# Build your own compost bin



## PrepperRecon.com (Aug 1, 2012)

Here is good post on *building your own compost bin.
*
Enjoy it


----------



## AquaHull (Jun 10, 2012)

I'm using an old circular ground blind for a compost center. It takes longer to compost, but the wildlife eats of the scrap veggies.


----------



## PrepperRecon.com (Aug 1, 2012)

That is resourceful.


----------



## AquaHull (Jun 10, 2012)

PrepperRecon.com said:


> That is resourceful.


And I just bought a X-Bow for stealth


----------



## pgrass101 (Nov 9, 2012)

Built mine out of an old box spring and chicken wire


----------



## Prince Humperdink (Nov 9, 2012)

I just stacked up old tires,and then rotate once a year.I really like that nice dark compost!


----------



## gemoose23 (Nov 9, 2012)

Plans for a Pallett compost bin. I did something like this, found free pallets next town over.. total cost 5 bucks in screws and L brackets.

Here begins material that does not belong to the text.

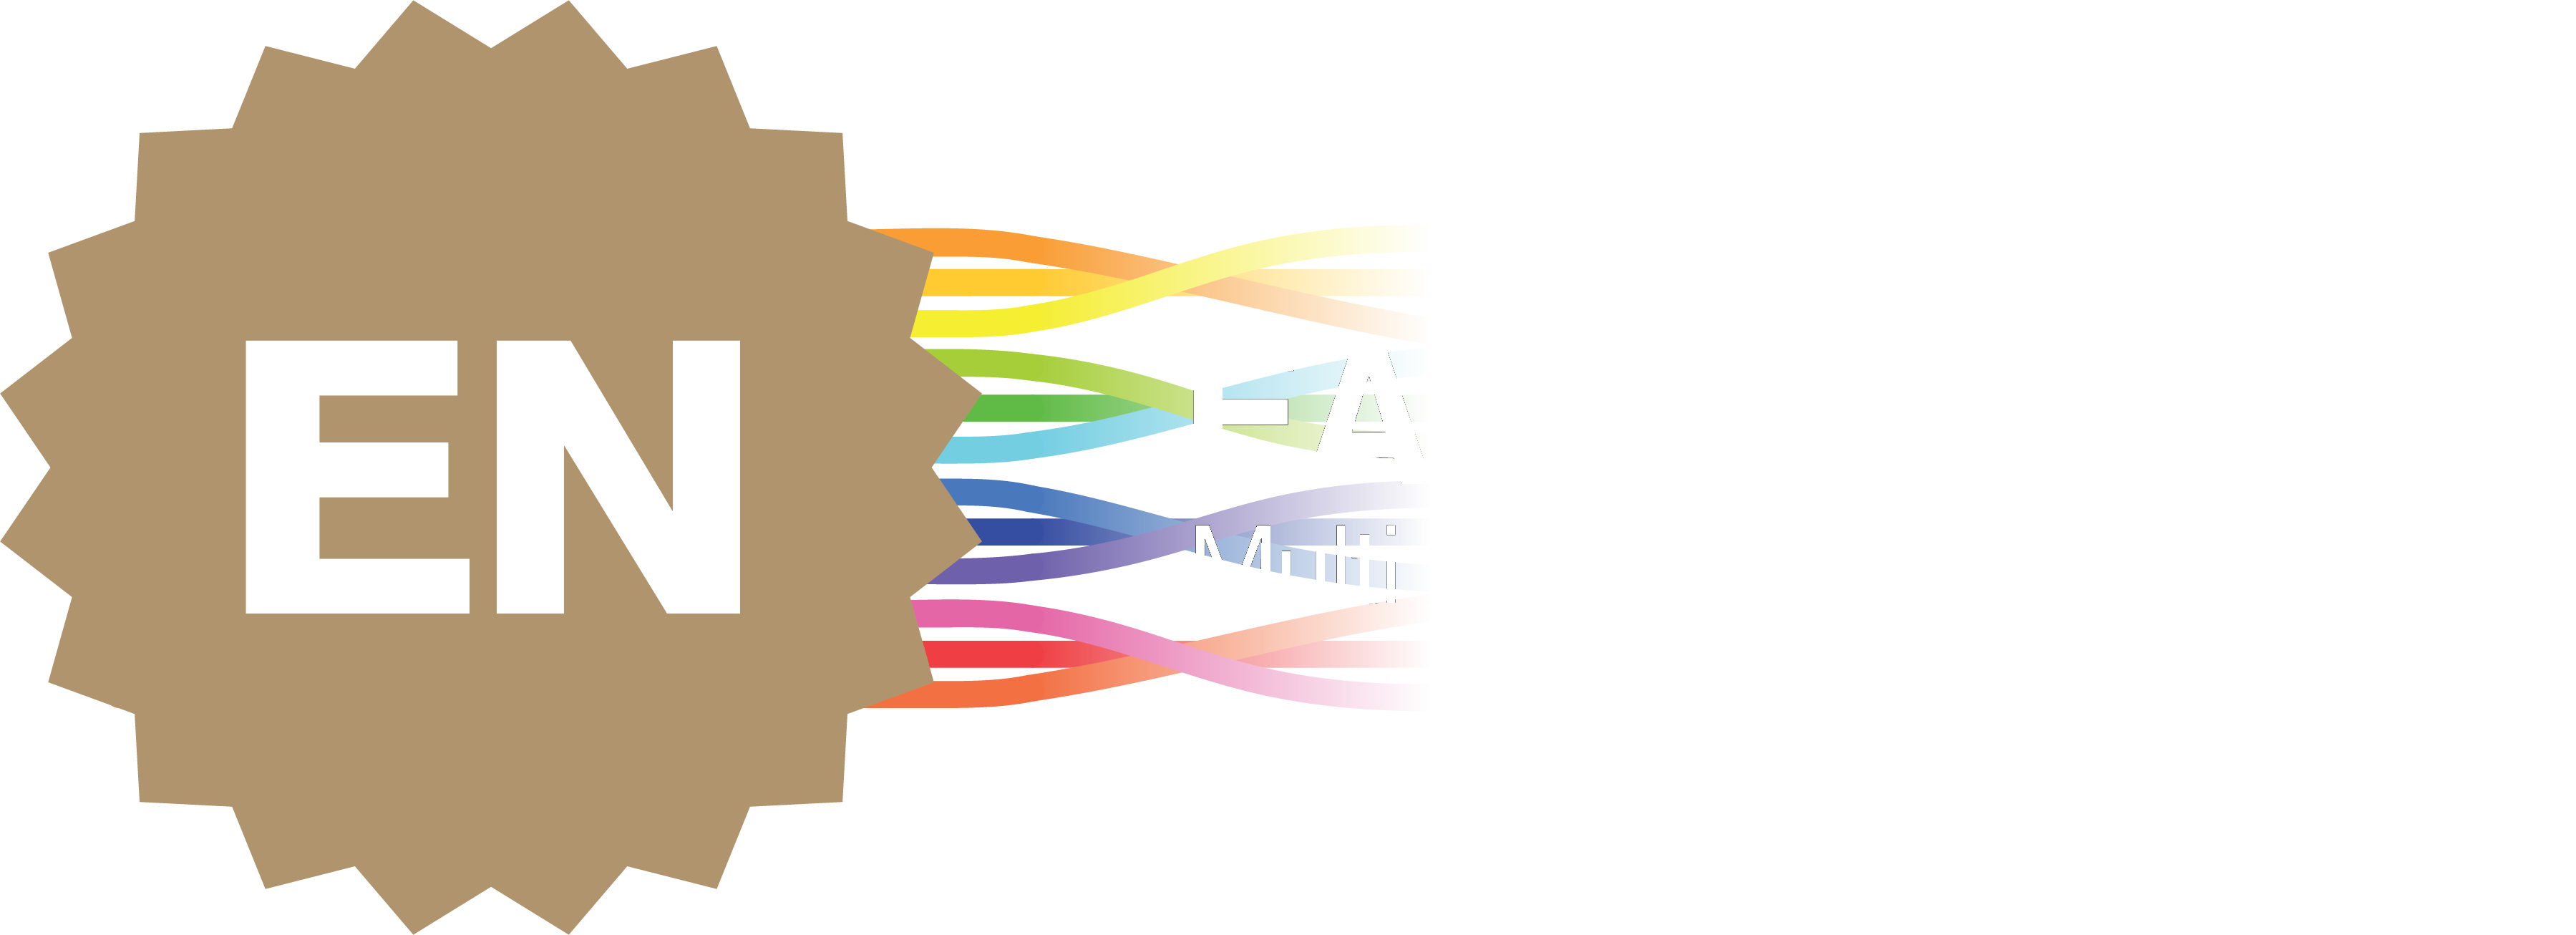 East Norfolk Multi Academy Trust

http://www3.uwm.edu/Dept/shwec/publications/cabinet/factsheets/WoodenPalletCompostBin.pdf


----------



## Wolvee (Nov 8, 2012)

pgrass101 said:


> Built mine out of an old box spring and chicken wire
> 
> View attachment 542
> View attachment 543
> ...


This is the I built my last one. It really cut down on the smell compared to the other ones I've built that are made from all wood or trash bins.


----------